# GIVEN RECORDS
════════
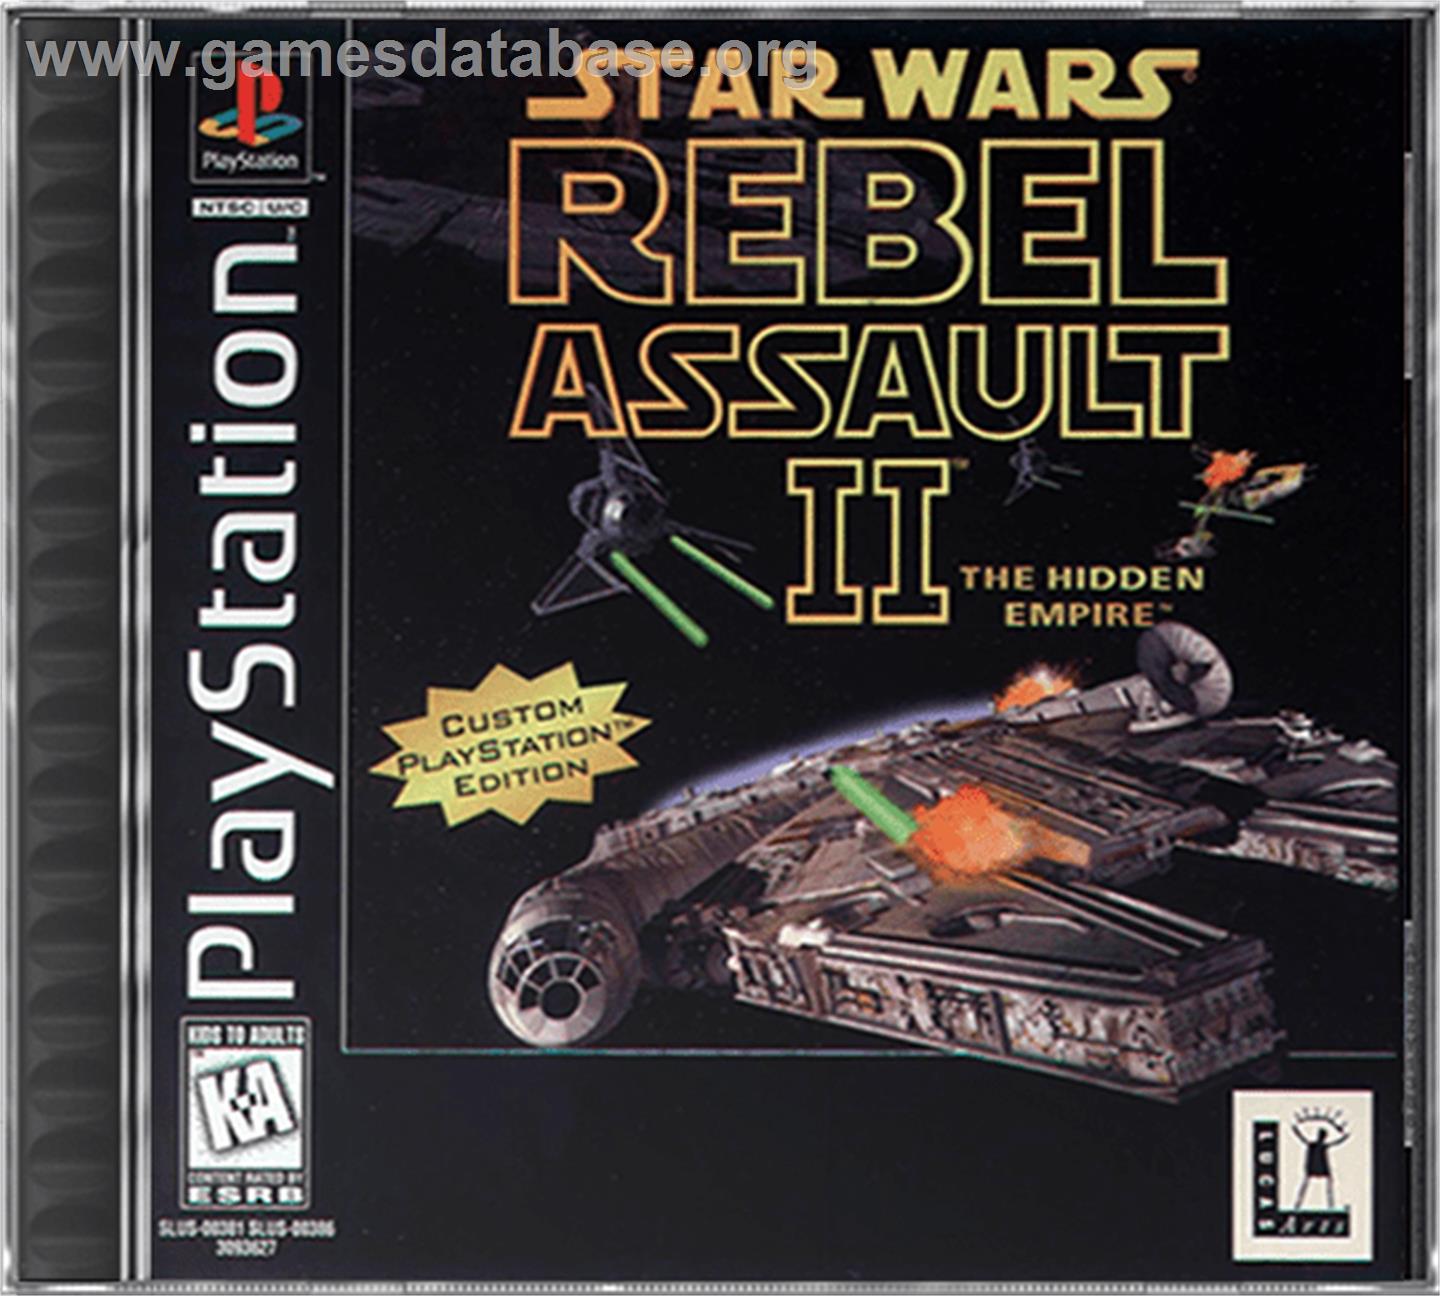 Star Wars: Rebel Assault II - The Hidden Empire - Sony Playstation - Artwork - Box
════════
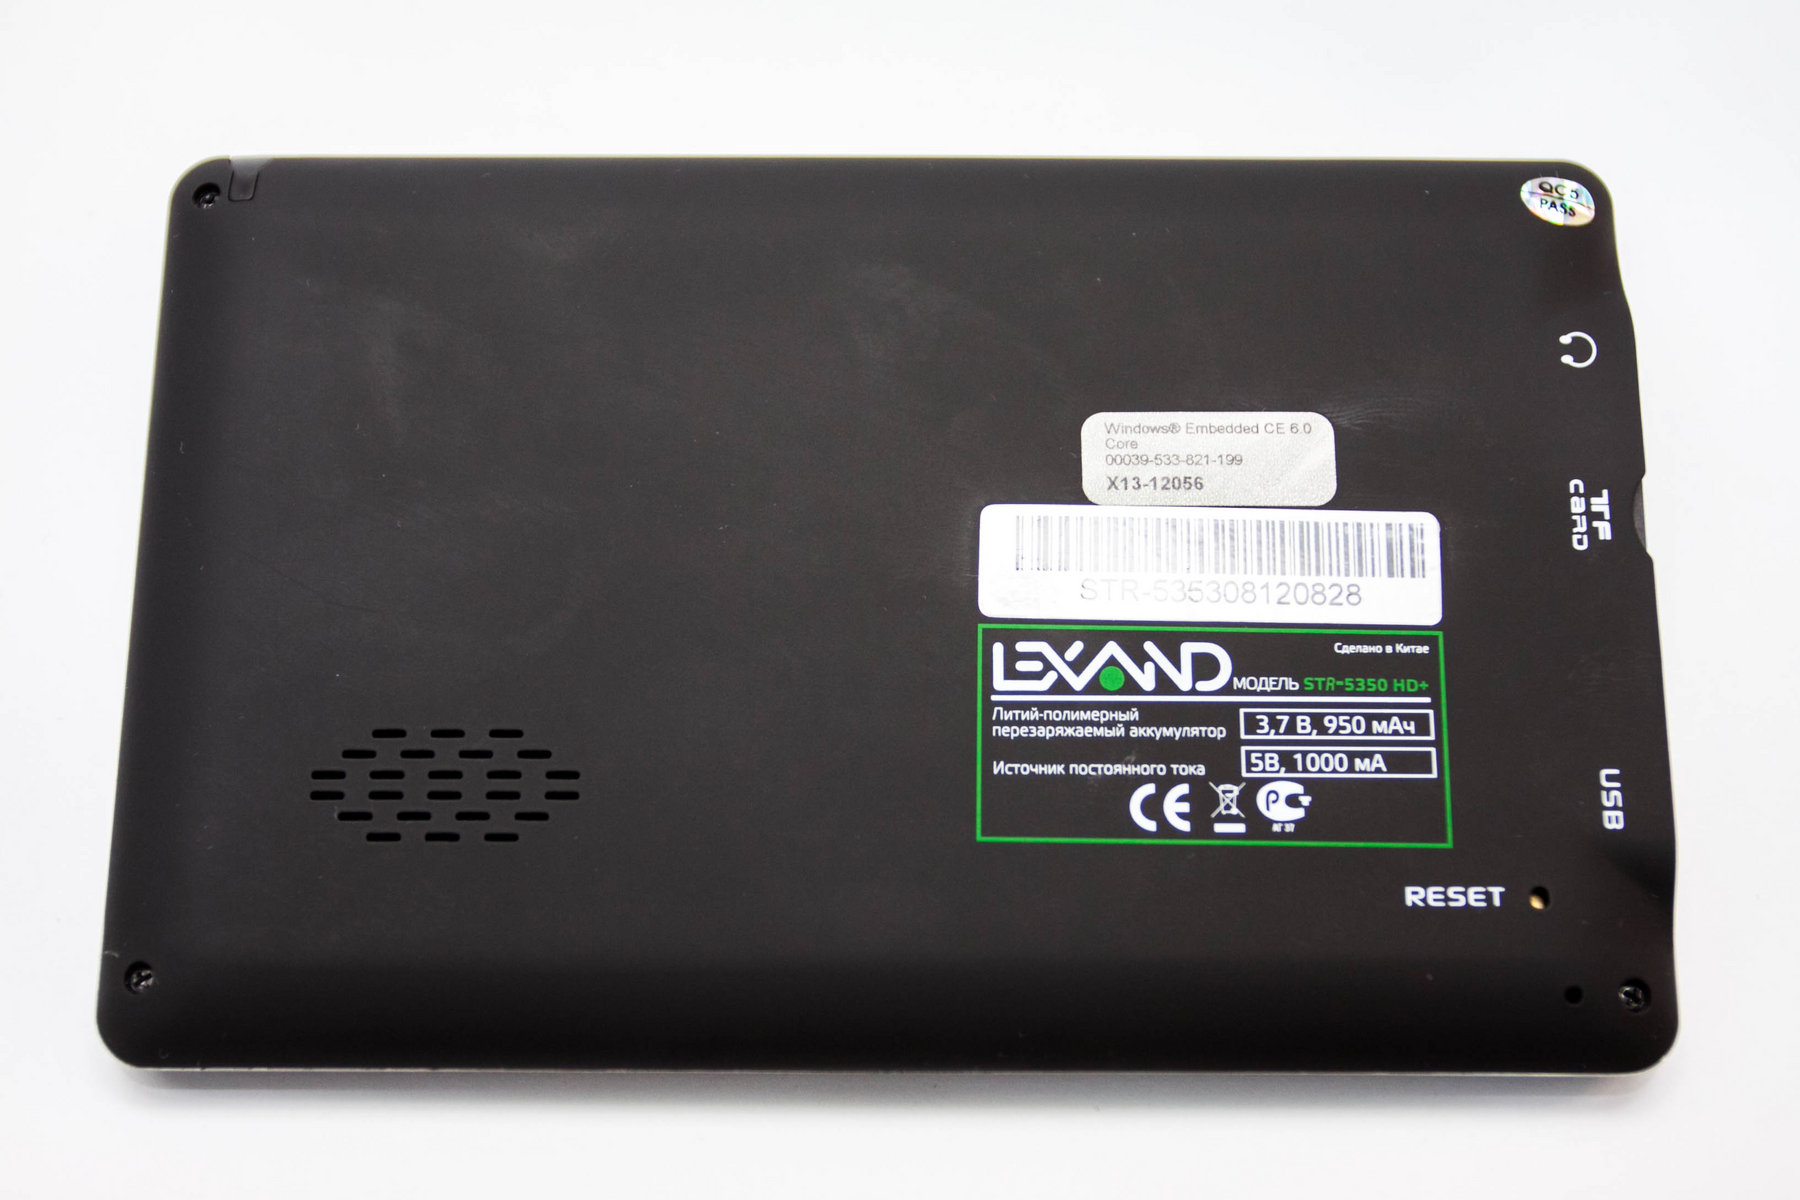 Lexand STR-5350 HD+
════════
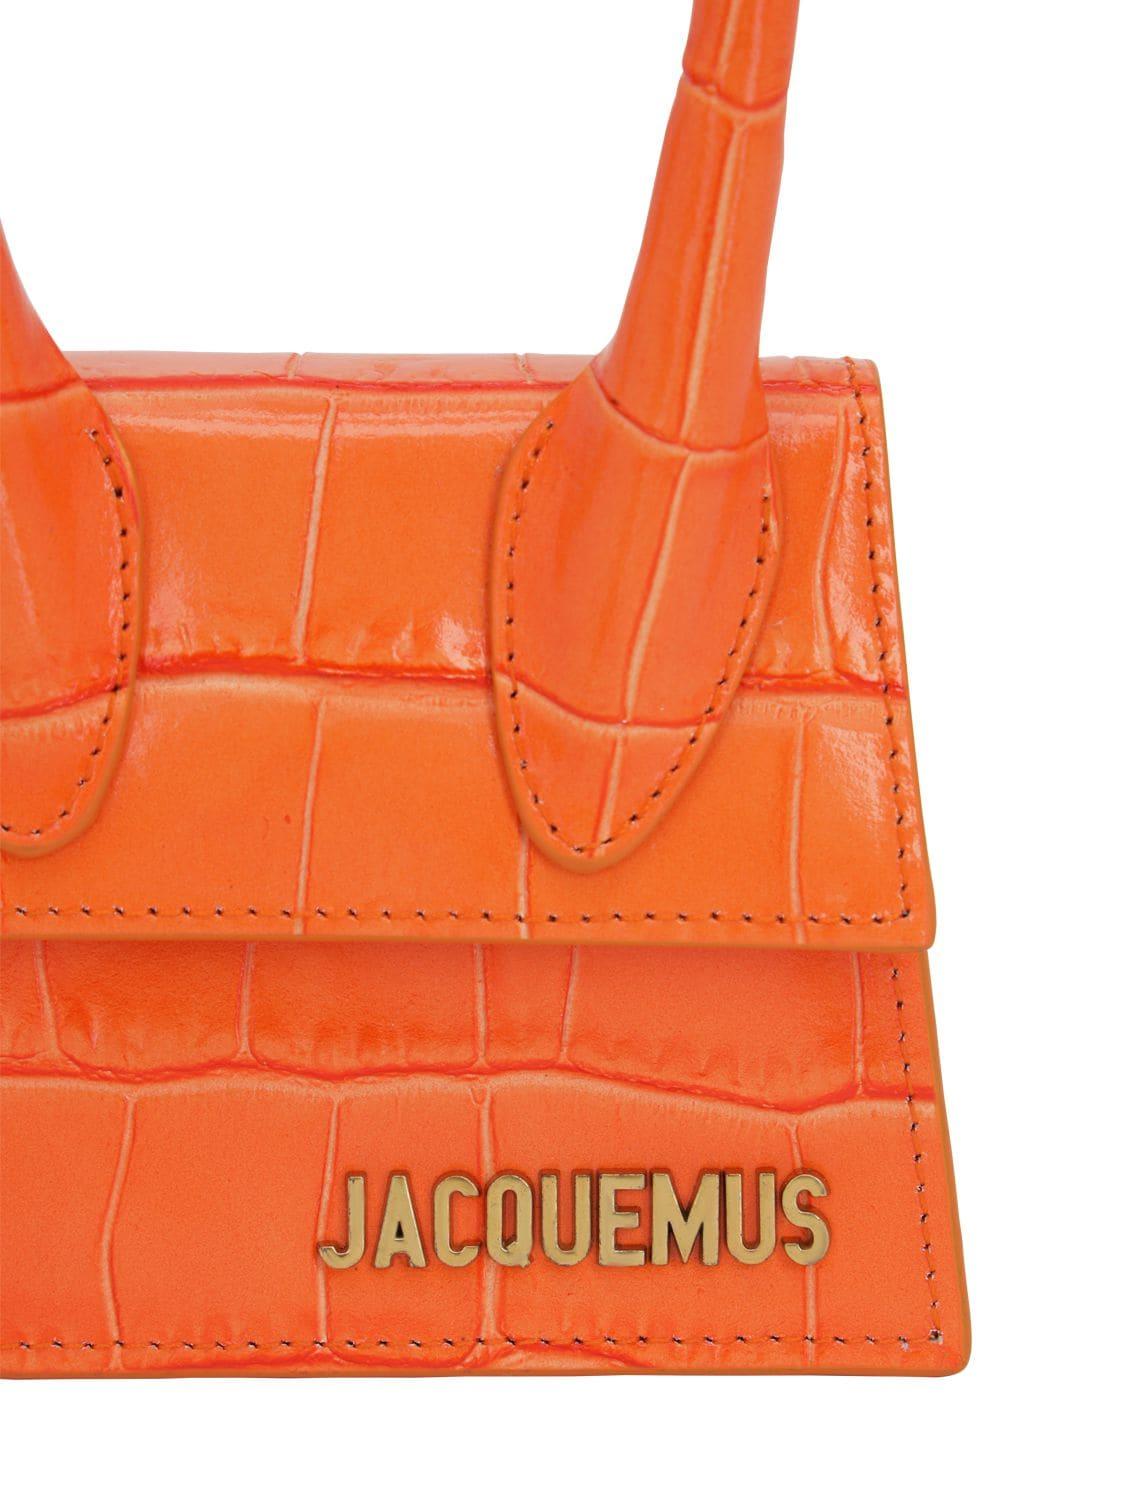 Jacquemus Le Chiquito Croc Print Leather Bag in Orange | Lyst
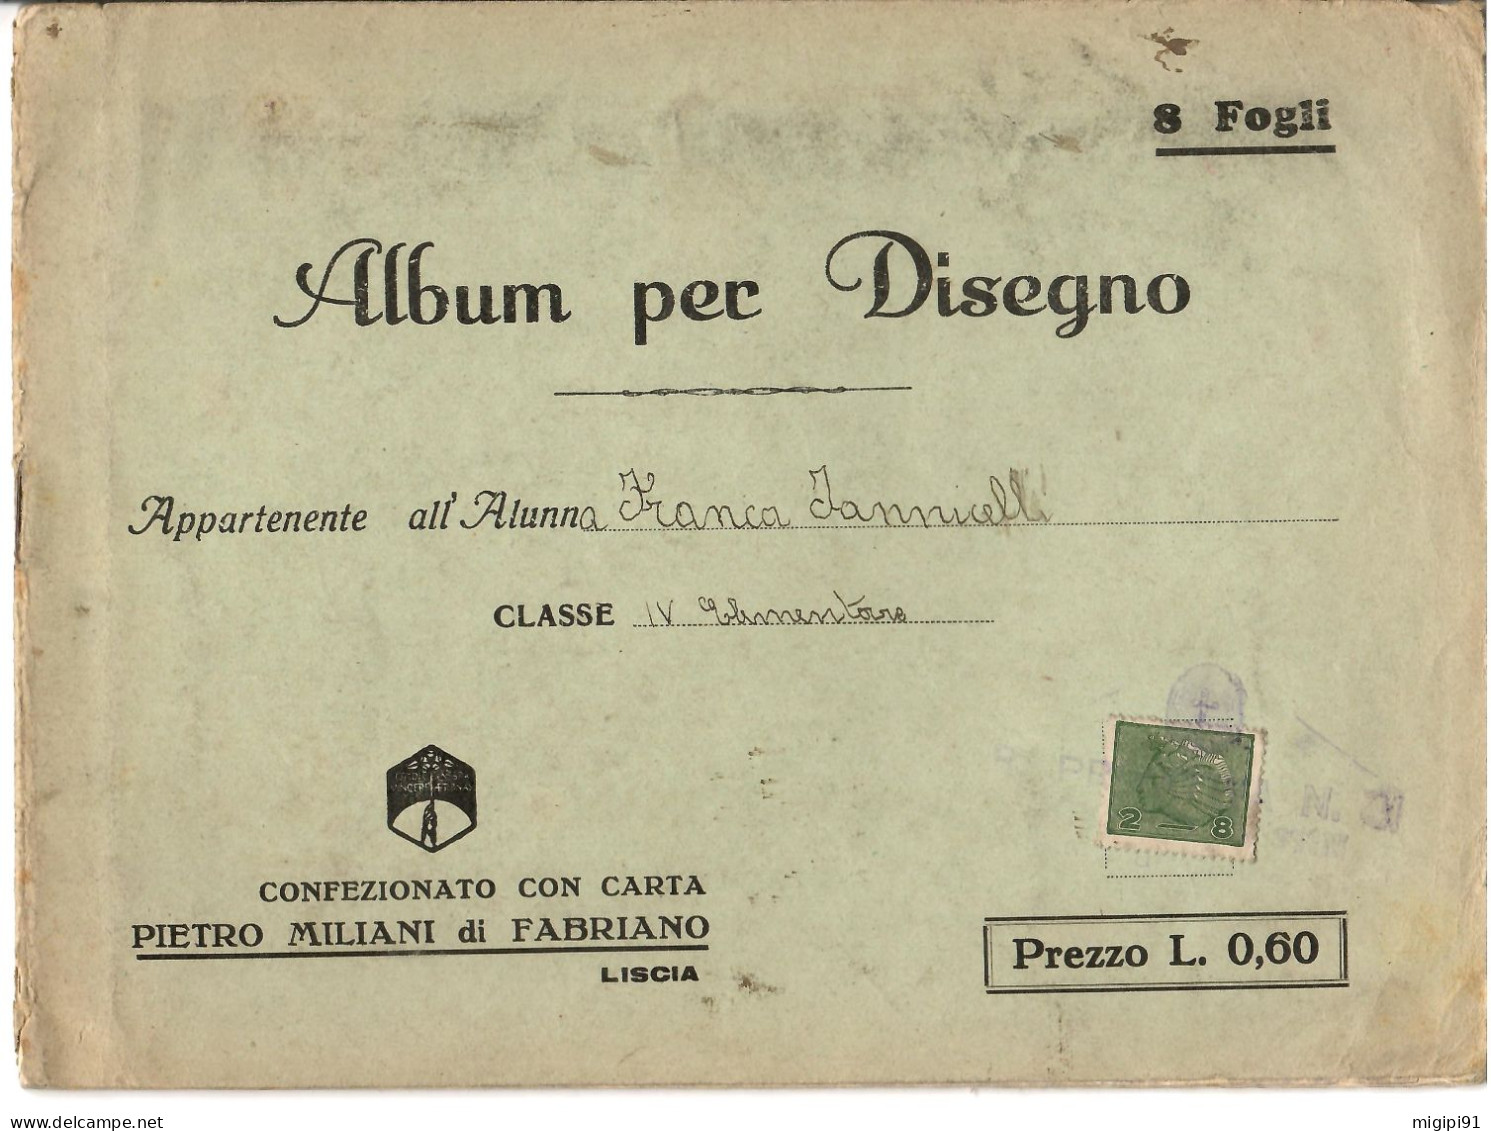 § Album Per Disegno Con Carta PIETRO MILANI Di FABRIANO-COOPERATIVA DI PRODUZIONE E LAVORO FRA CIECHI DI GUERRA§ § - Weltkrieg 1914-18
════════
# BRIEF
Since the pictures are not part of the copy, please transcribe only the lines above from the one with "Jacquemus Le Chiquito" through the one with "- Weltkrieg 1914-18", exactly and with both ends.

# SOLUTION FOR THIS TASK
 Jacquemus Le Chiquito Croc Print Leather Bag in Orange | Lyst
 § Album Per Disegno Con Carta PIETRO MILANI Di FABRIANO-COOPERATIVA DI PRODUZIONE E LAVORO FRA CIECHI DI GUERRA§ § - Weltkrieg 1914-18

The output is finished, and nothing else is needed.